I'm glad you mentioned it, because I agree about the song and that final scene, which is a tearjerker for an LOTR nerd like me, and the score for the whole movie by Howard Shore is one of the most ambitious film scores of all time. I've seen the movies a few times and each time I notice more how good the music is.

Interesting note: The melody for that song was written by Howard Shore, although Lennox performed the song. The melody appears earlier (if I remember correctly) when Sam carries Frodo up Mount Doom.
 
Interesting note: The melody for that song was written by Howard Shore, although Lennox performed the song. The melody appears earlier (if I remember correctly) when Sam carries Frodo up Mount Doom.

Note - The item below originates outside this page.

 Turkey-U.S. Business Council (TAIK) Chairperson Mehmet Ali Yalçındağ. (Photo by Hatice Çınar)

I might have to fire up the Blu-ray and check that out now. LOL.
 
Indiana Jones is a classic, and not just the main theme, as is the 1970s Superman theme, both of which are John Williams again. No one does bombastic scores quite as well, I feel. Although honestly, I like the Krypton theme portion of the Superman score more than the march, which is probably the more memorable part for people who have seen the movie. Nightmare Before Christmas is another I love, although as a quasi-musical that might be cheating a bit. Terminator 2 has a great score, and I like a lot of Brad Fiedel's other stuff, too.
 
Oh, mama! Pretty much anything by Hans Zimmer! Inception, Man of Steel, The Dark Knight trilogy, Gladiator, Interstellar, Dune, The Lion King and a bunch of other stuff. Very prolific. I find myself frequently listening to various cuts and covers from Interstellar.

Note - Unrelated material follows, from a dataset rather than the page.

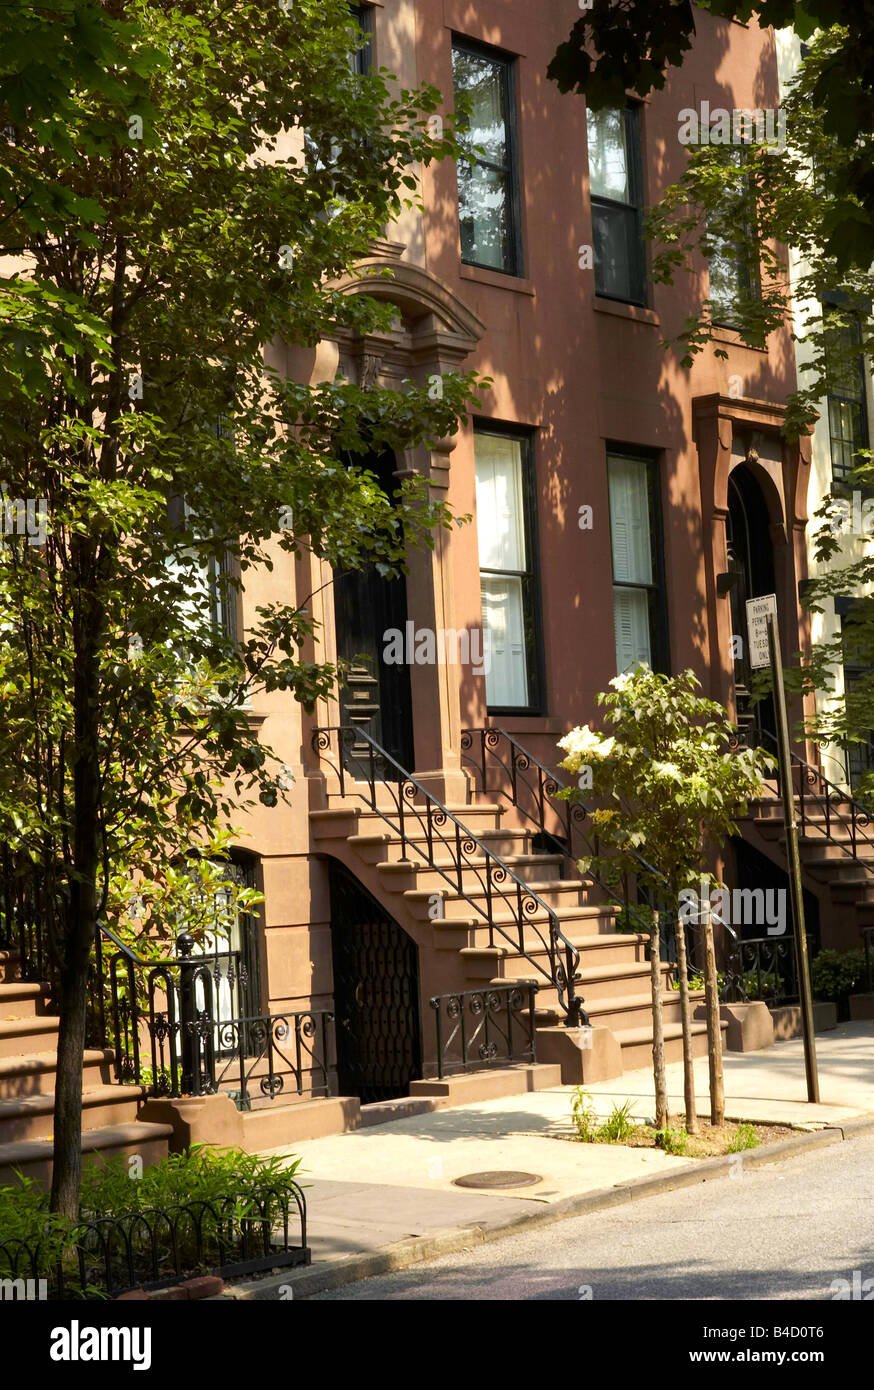 Garden Place Brooklyn New York City USA Stock Photo: 19955046 - Alamy

I know there's a lot of love out there for John Williams, but having performed a number of his works, in the knowing them from the inside you start to realize that he fell into a formula and kinda stuck with it. Two worthwhile exceptions are Shindler's List and "Hymn to the Fallen", from Saving Private Ryan.

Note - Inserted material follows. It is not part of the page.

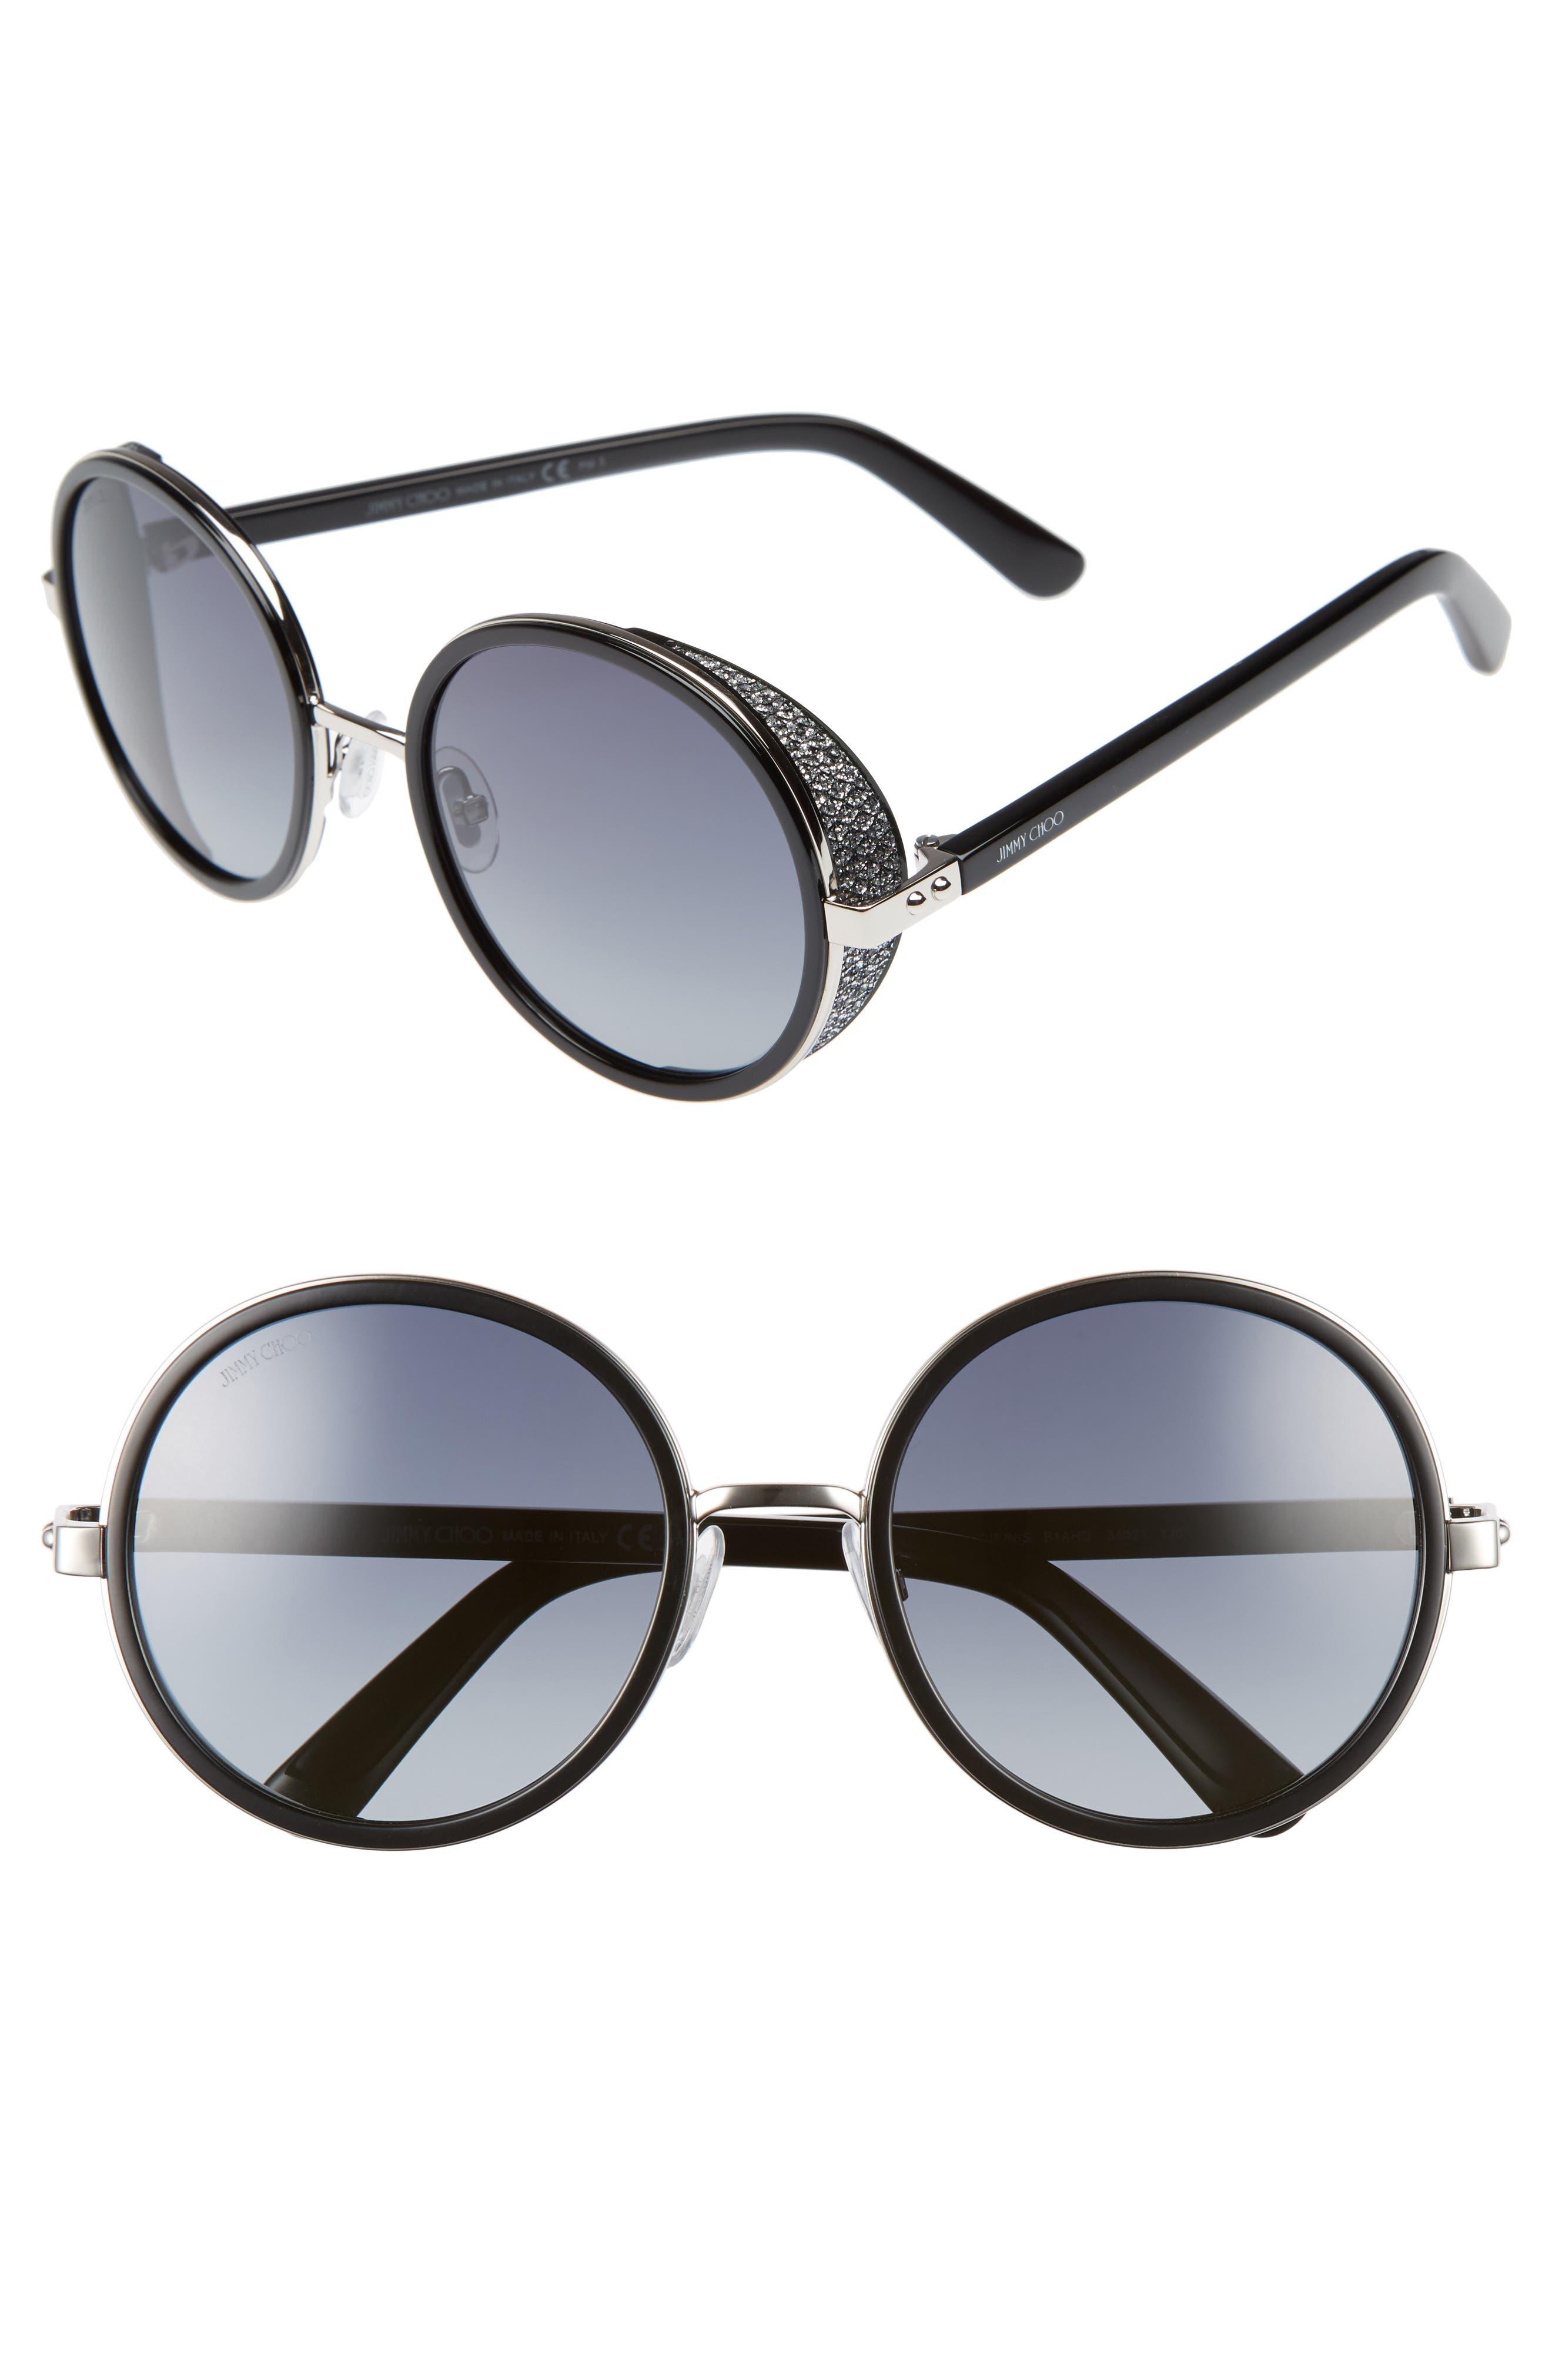 Andiens 54mm Round Sunglasses,                             Main thumbnail 1, color,                             Palladium/ Black

As an oboist I do have to tip my hat to Morricone for The Mission.
 
I think we could list a LOT of John Williams's work here, but for the ten-year-old Rob Royale in 1978, the theme from Superman was it. To this day the theme invokes an emotional response in me. I can't quantify it but between the music and Chris Reeves's performance, it left an indelible mark on me.

"I'm here to fight for truth and justice, and the American way."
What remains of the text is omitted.